Most times when hiring managers post job openings, they end up getting more applications than they will eventually end up going forward with—sometimes, thousands and thousands of them because so many people compete for the same job.
However, hiring managers need to find the perfect fit, that ‘needle in a haystack’ profile description that will fit the job description like a glove. However, more often than not, this is a challenging, lengthy, and tedious procedure for not only the hiring managers, but also for the applicants, given all the emotional exhaustion they go through.
One of the first steps hiring managers need to take is weed out applications that either don’t meet the job requirements, are incomplete, or have some other issues. This is to narrow down the pool of applicants to make the whole process easier, especially if the position has been open for quite a while.
Thousands of applications are discarded in this initial step. To make sure yours isn’t one of them, avoid making these common job application mistakes.
Not Sticking With The Instructions On The Job Posting Or The Application Form
Think of grade school. The instructions on the assignments, tests, and examinations you took were all super important, right?
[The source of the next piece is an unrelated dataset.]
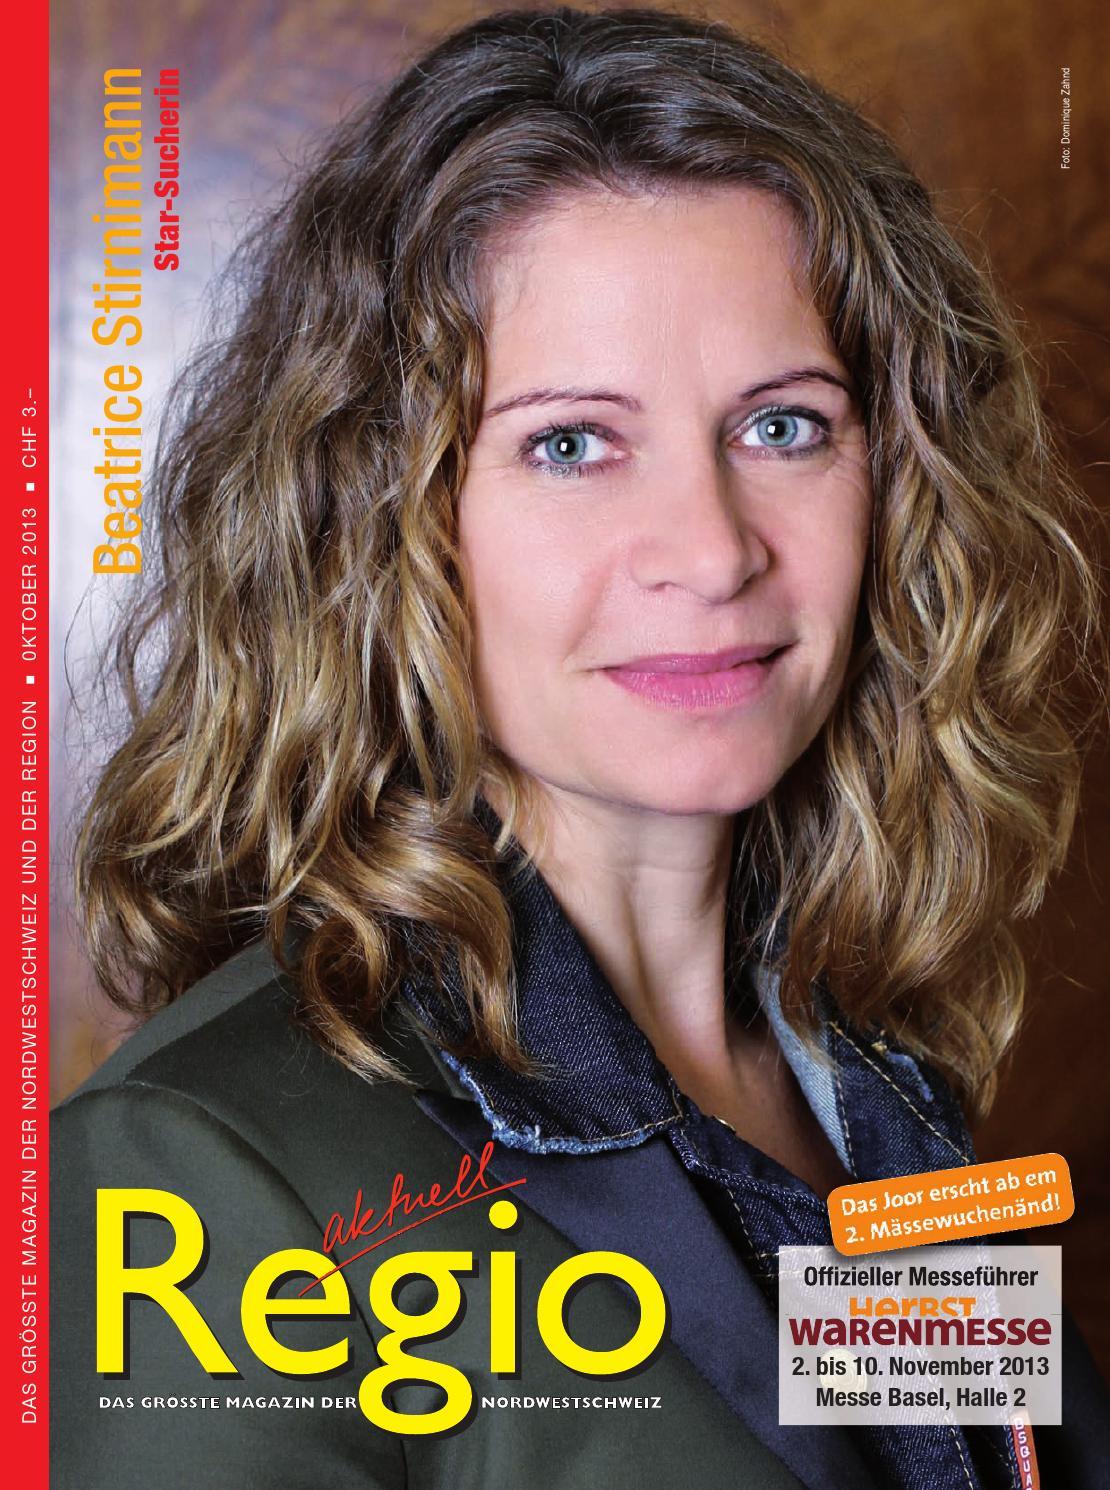 Regio Aktuell 10 13 By Regio Aktuell Issuu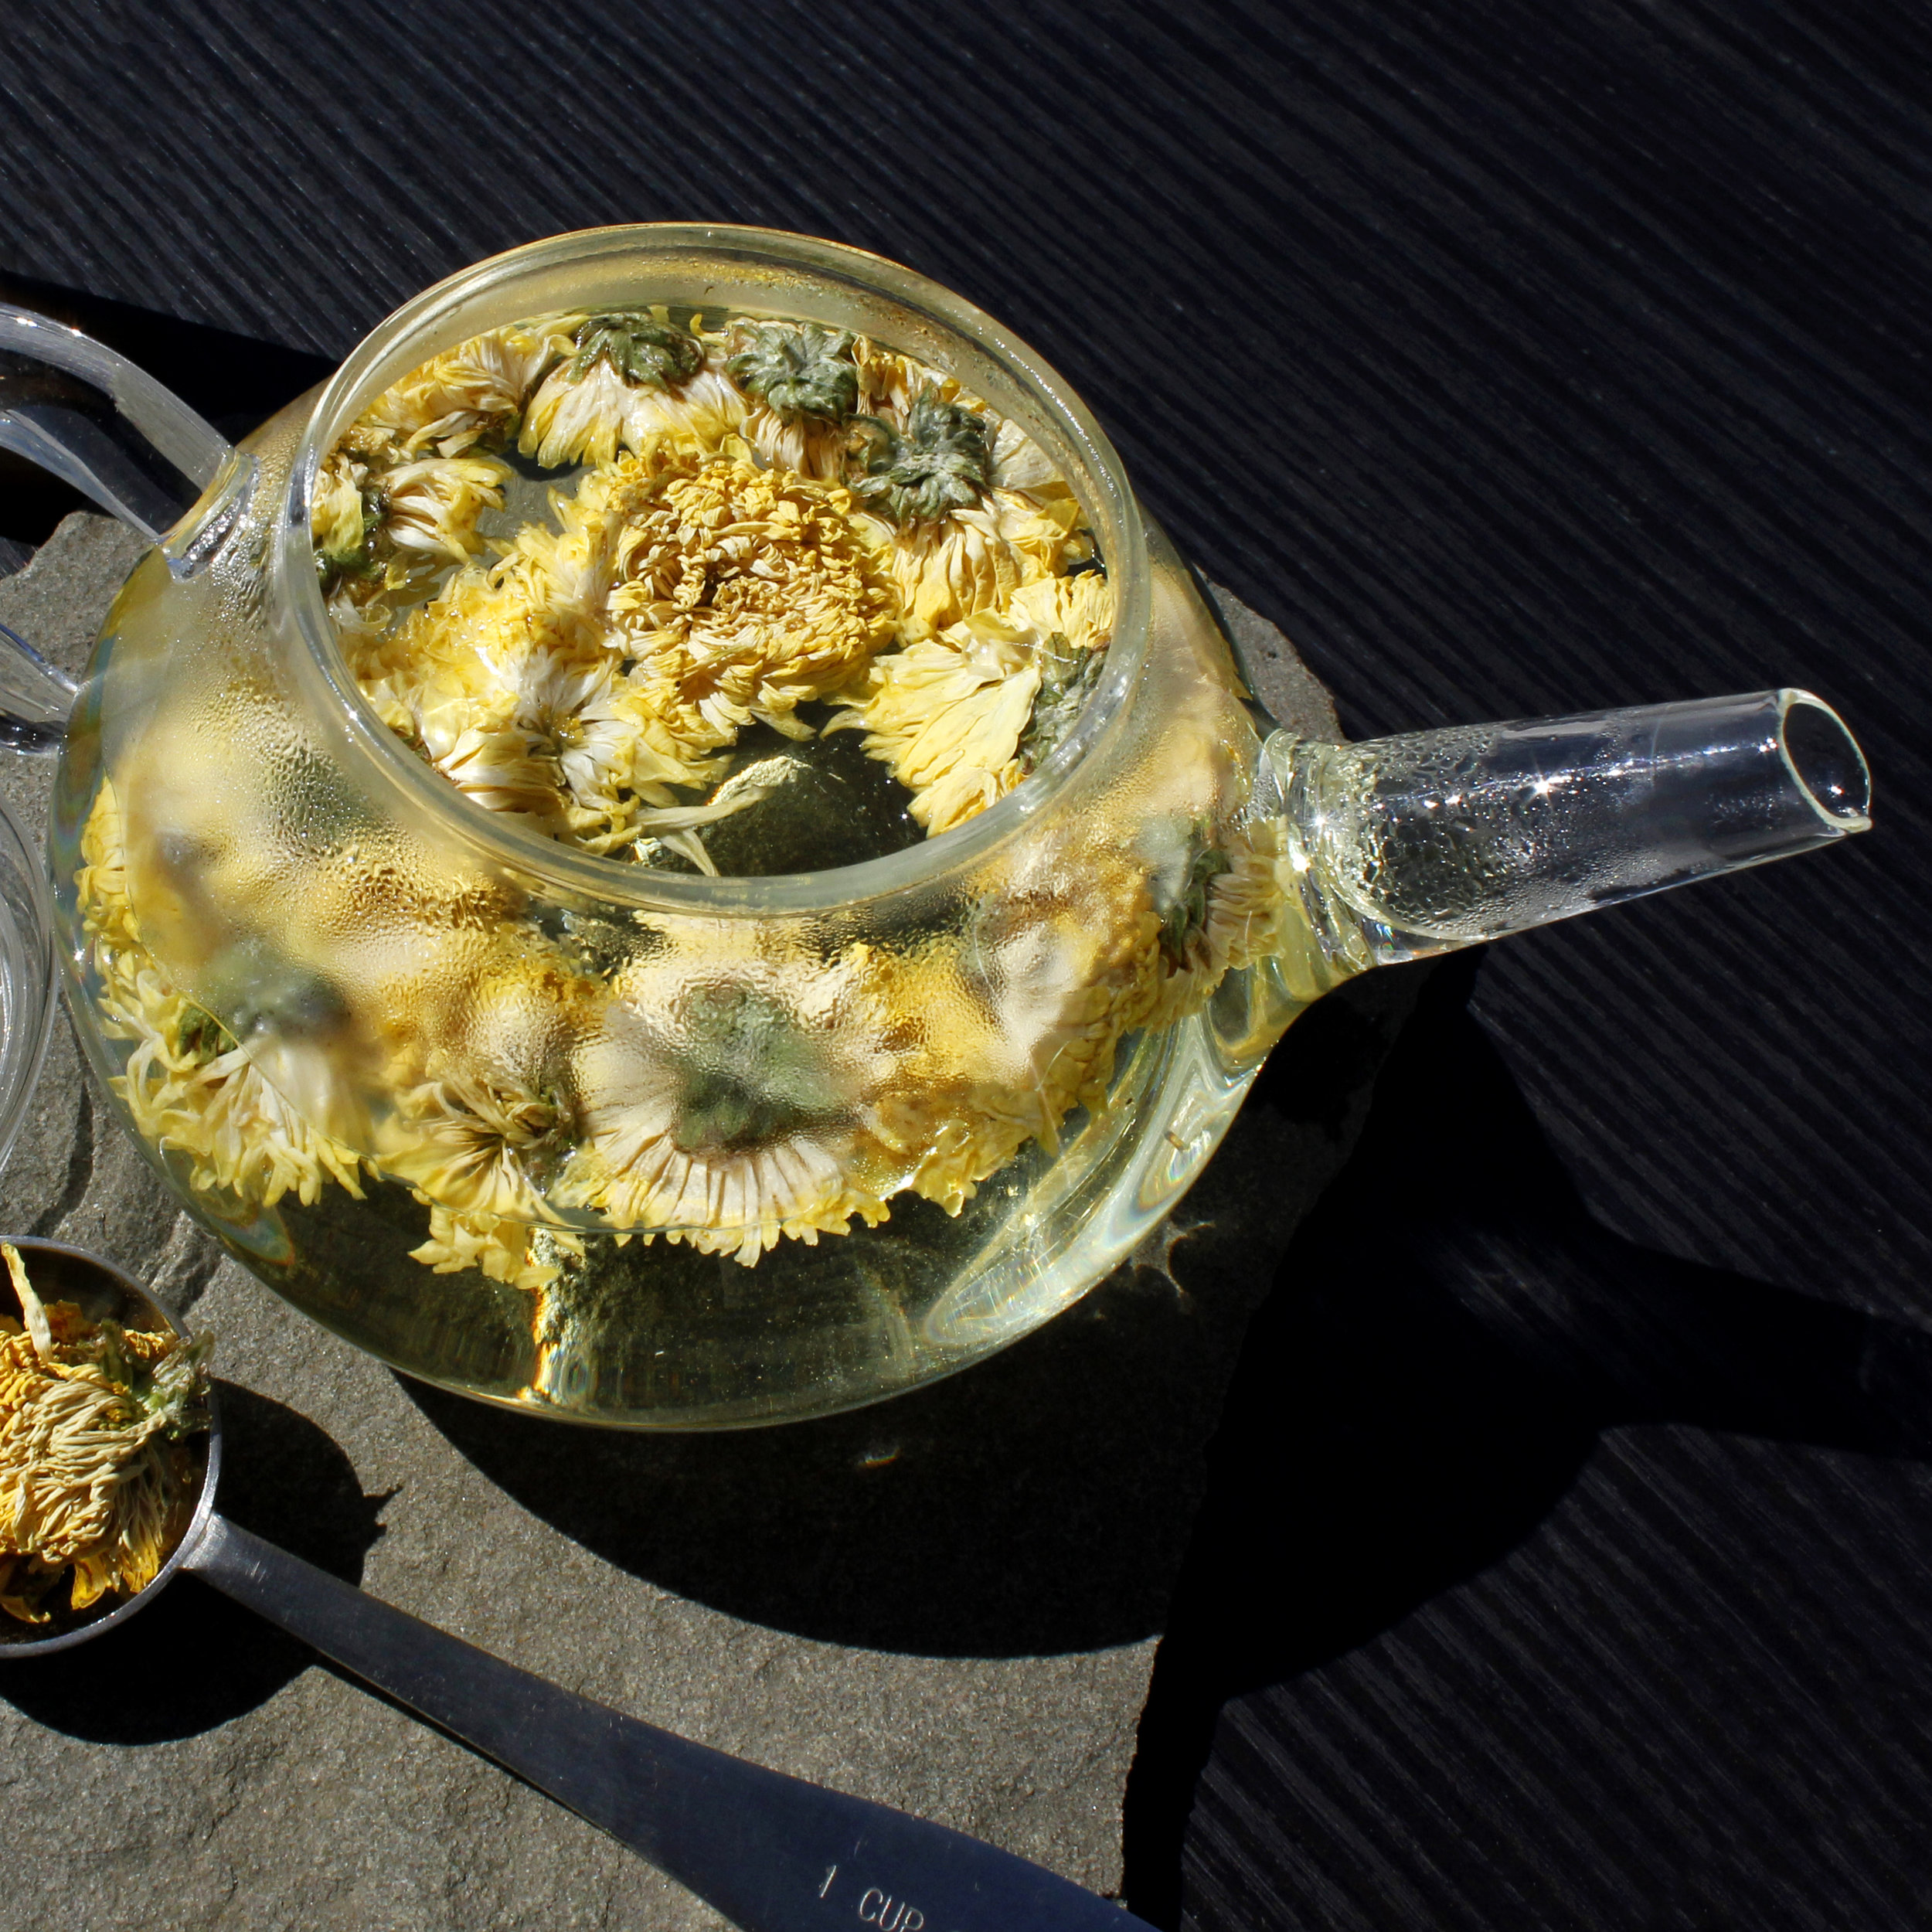 chrysanthemum-flowers-herbal-tisane-itw.jpg

You couldn’t imagine not following them!
Most people have also sat through tests where the teachers hand out exam papers that have instructions such as “write your name and submit the answer sheet without answering any of the questions for the first 15 minutes.”
This is an exam that’s designed to get students to pay attention to details like instructions and understand how important they are. However, as much as we’d like the case to be otherwise, some people still don’t really get the importance of following instructions, and this is evident in their job applications.
When you’re filling out a job application, make sure you stick to the rules and follow them to avoid your application ending up in the discarded pile. Missing out important details tells hiring managers that you lack attention to detail and can’t do what you’re told to.
Leaving Empty Areas And Blank Fields In Your Application
Just like not sticking to instructions tells hiring managers that attention to detail is not a particularly strong area, leaving fields blank also tells the human resource personnel working on the applications that you’re probably not fit for the role.
This is because, at the end of the day, the managers will have insufficient information about you, and won’t be able to make a sound judgement based on only what you’ve provided. As a result, other candidates, ones who the hiring managers feel have provided better insight, will power ahead and likely be preferred to join the shortlisted pool of candidates.
Blank fields also make it easy for a hiring manager to toss away an application to reduce the initially overwhelming number of applications to speed up the process.
Missing The Closing Date And Turning In Your Application Late
Most times, job openings are posted months before their due closing date so applicants can get the necessary paperwork done, gather the required documents, and get any pending procedures completed to fill out their application in the best possible state of mind. This increases their chances of getting selected because the more time you have, the best picture of yourself you can portray on your application.
If you’ve had months to prepare for this job, and if you want it bad enough, there is really no legitimate excuse for turning it in late. As it is, hiring managers have very limited information to base huge decisions on when it comes to hiring and turning your application in late only sends forth a negative message.
Suppose the job opening already has a substantial talent pool by the time you turn your application in. In that case, yours might even not be considered, and the hiring manager assigned to the post might just discard all ones submitted after the due date.
One great tip to keep in mind is to keep tabs on the agencies and job openings you want to apply to so you’re never late to find out and submit.
Not Paying Attention To Spelling And Grammar
Nothing justifies spelling and grammar mistakes on job applications. If you know that these aren’t your strongest areas, you can always get someone to proofread your application for you, or better yet, download spelling and grammar checkers in case of online applications and let them run a check before you hit the submit button.
A couple of errors probably won’t damage your application, but anything more than that will put forth a negative impression. The application to your dream job is far too important to not make sure it is error-free.
Not Tailoring Your Application Material According To The Job Role
A job application isn’t a one size fits all deal. This is why when you’re applying for a job, a great step is to make sure you’re tailoring the information you put down according to the role you are applying for. Highlight things and experiences that are relevant and leave out the ones that don’t relate to it.
Failing to put down only the most relevant information regarding knowledge, experience, skills, and abilities will show the hiring manager that you don’t really care enough about getting the job to make an effort in positioning yourself accordingly.